Department of Computer Engineering, Bogazici University, Istanbul, Turkey.
Department of Chemical Engineering, Bogazici University, Istanbul, Turkey.
Bioinformatics. 2018 Jul 1;34(13):i295-i303. doi: 10.1093/bioinformatics/bty287.
The effective representation of proteins is a crucial task that directly affects the performance of many bioinformatics problems. Related proteins usually bind to similar ligands. Chemical characteristics of ligands are known to capture the functional and mechanistic properties of proteins suggesting that a ligand-based approach can be utilized in protein representation. In this study, we propose SMILESVec, a Simplified molecular input line entry system (SMILES)-based method to represent ligands and a novel method to compute similarity of proteins by describing them based on their ligands. The proteins are defined utilizing the word-embeddings of the SMILES strings of their ligands. The performance of the proposed protein description method is evaluated in protein clustering task using TransClust and MCL algorithms. Two other protein representation methods that utilize protein sequence, Basic local alignment tool and ProtVec, and two compound fingerprint-based protein representation methods are compared.

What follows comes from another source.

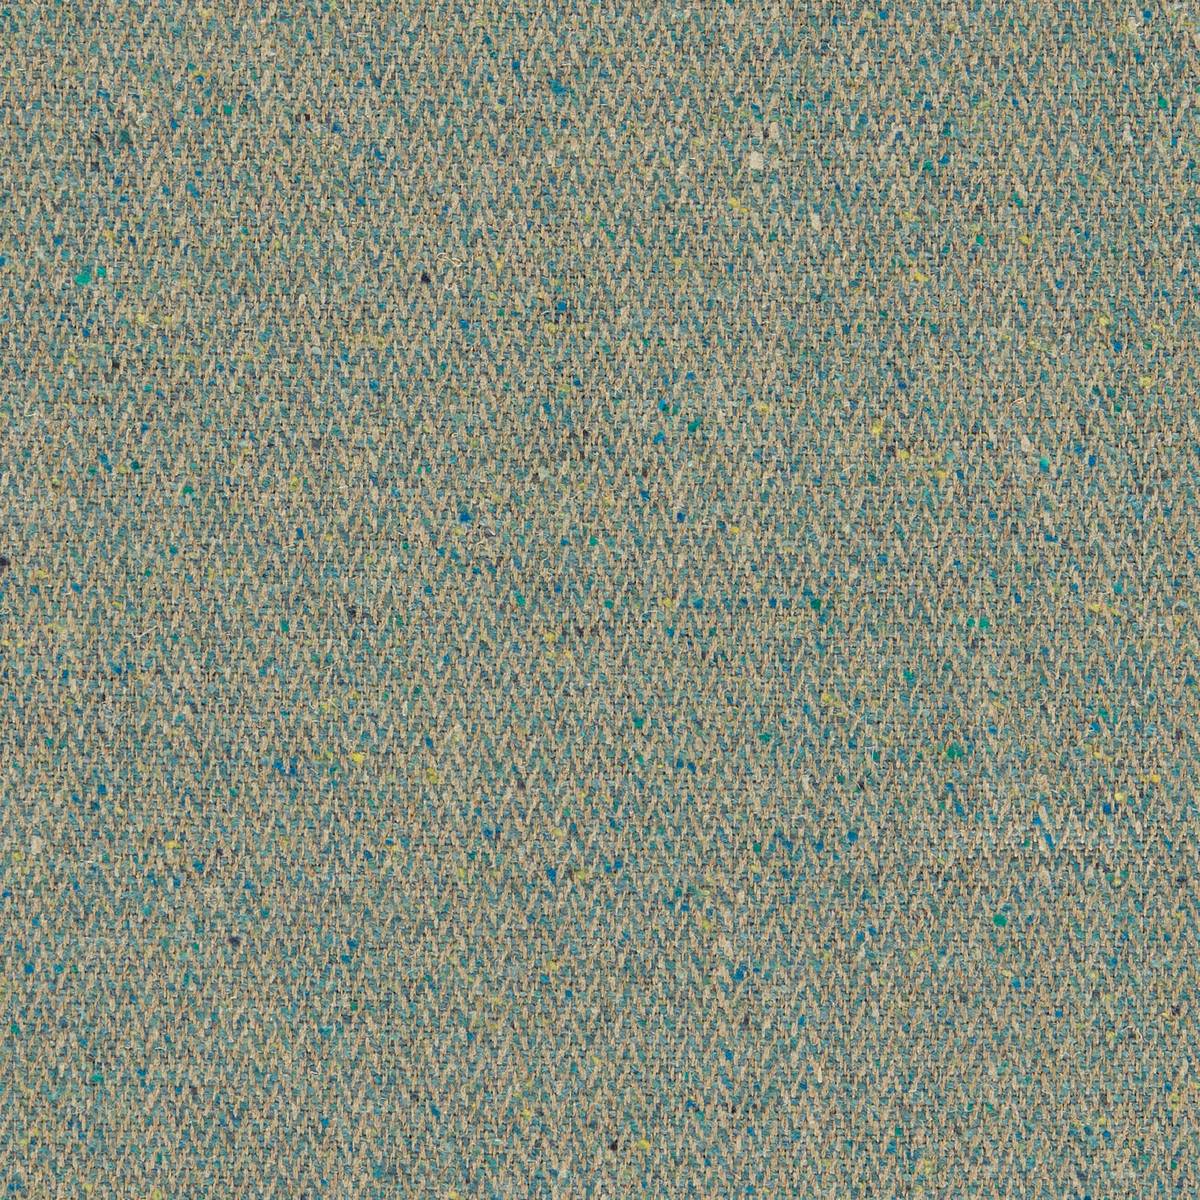 Brunswick Teal Fabric by William Morris & Co.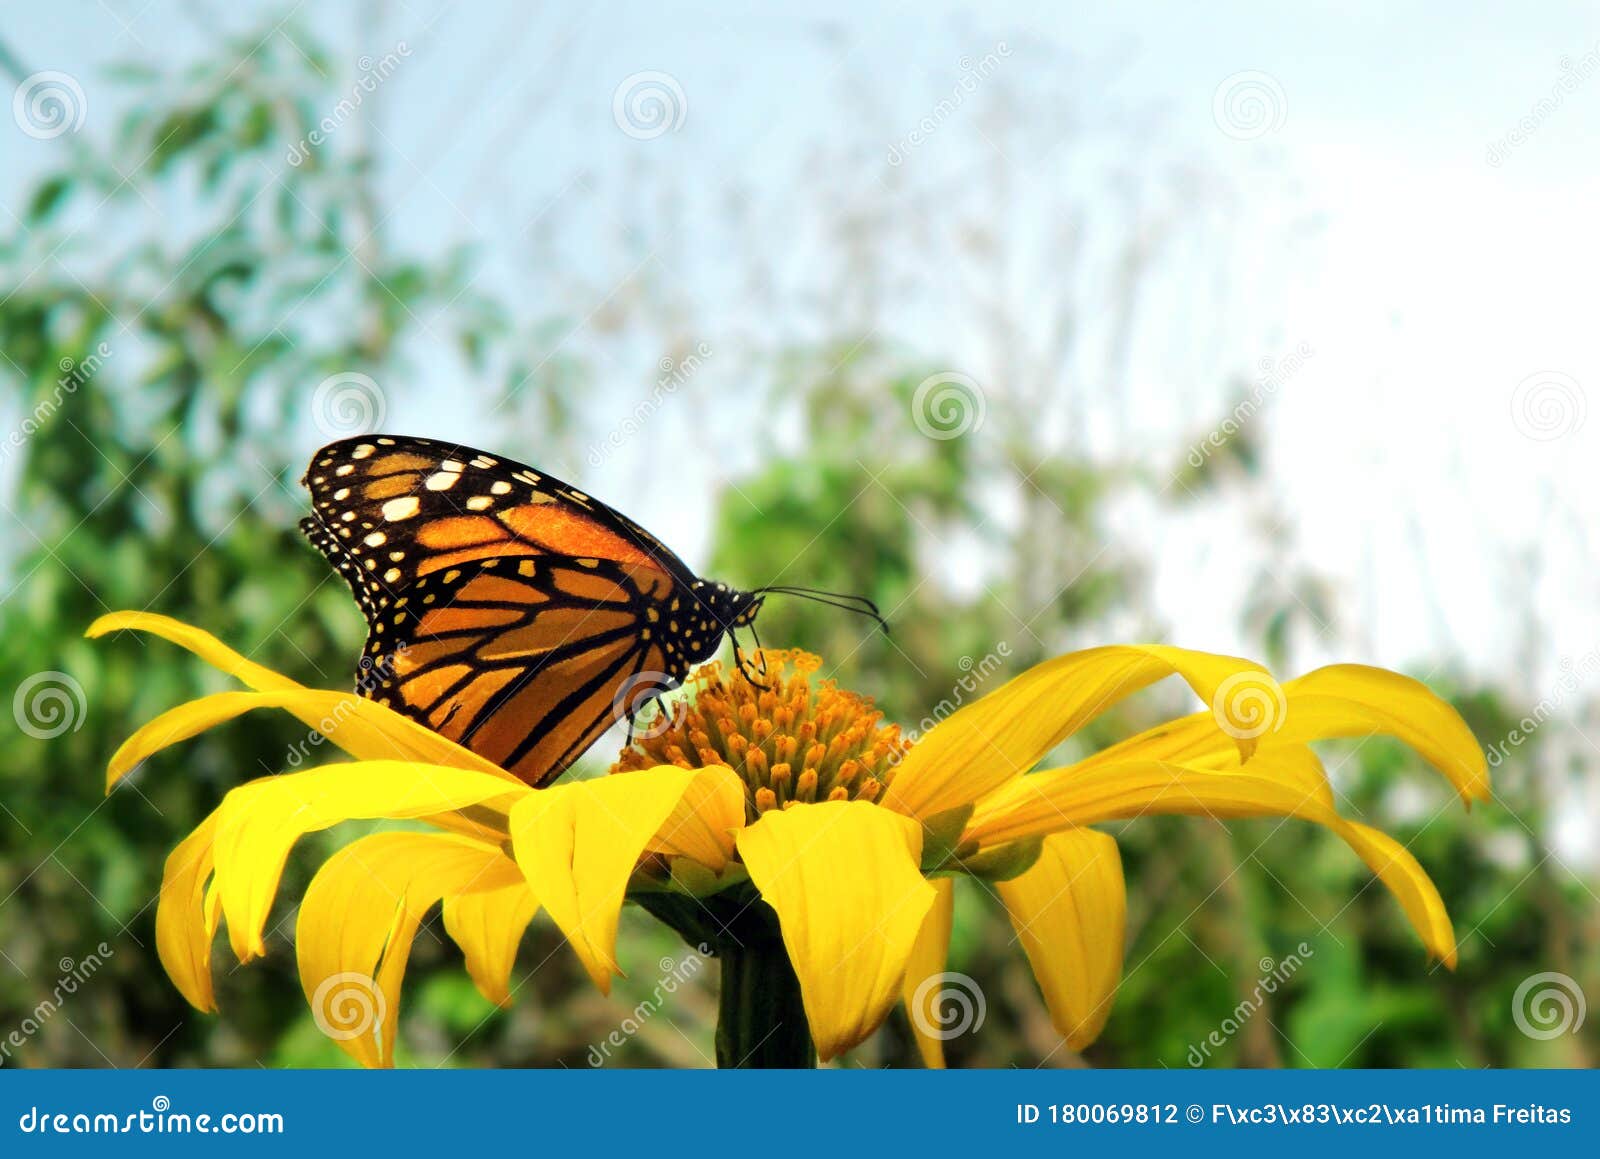 perfil monarch butterfly on top of a yellow flower

We showed that ligand-based protein representation, which uses only SMILES strings of the ligands that proteins bind to, performs as well as protein sequence-based representation methods in protein clustering. The results suggest that ligand-based protein description can be an alternative to the traditional sequence or structure-based representation of proteins and this novel approach can be applied to different bioinformatics problems such as prediction of new protein-ligand interactions and protein function annotation.
https://github.com/hkmztrk/SMILESVecProteinRepresentation.
Supplementary data are available at Bioinformatics online.
蛋白质的有效表示是一个关键任务,直接影响许多生物信息学问题的性能。相关的蛋白质通常与类似的配体结合。已知配体的化学特征可以捕获蛋白质的功能和机制特性,这表明可以在蛋白质表示中利用基于配体的方法。在这项研究中,我们提出了 SMILESVec,一种基于简化分子输入行输入系统(SMILES)的方法来表示配体,以及一种通过基于其配体来描述蛋白质来计算蛋白质相似性的新方法。蛋白质是利用其配体的 SMILES 字符串的词嵌入来定义的。使用 TransClust 和 MCL 算法在蛋白质聚类任务中评估了所提出的蛋白质描述方法的性能。还比较了另外两种利用蛋白质序列的蛋白质表示方法,即基本局部比对工具和 ProtVec,以及两种基于化合物指纹的蛋白质表示方法。
我们表明,仅使用蛋白质结合的配体的 SMILES 字符串的基于配体的蛋白质表示在蛋白质聚类中与基于蛋白质序列的表示方法一样有效。结果表明,基于配体的蛋白质描述可以替代传统的基于序列或结构的蛋白质表示,并且这种新方法可以应用于不同的生物信息学问题,例如预测新的蛋白质-配体相互作用和蛋白质功能注释。
https://github.com/hkmztrk/SMILESVecProteinRepresentation。
补充数据可在 Bioinformatics 在线获得。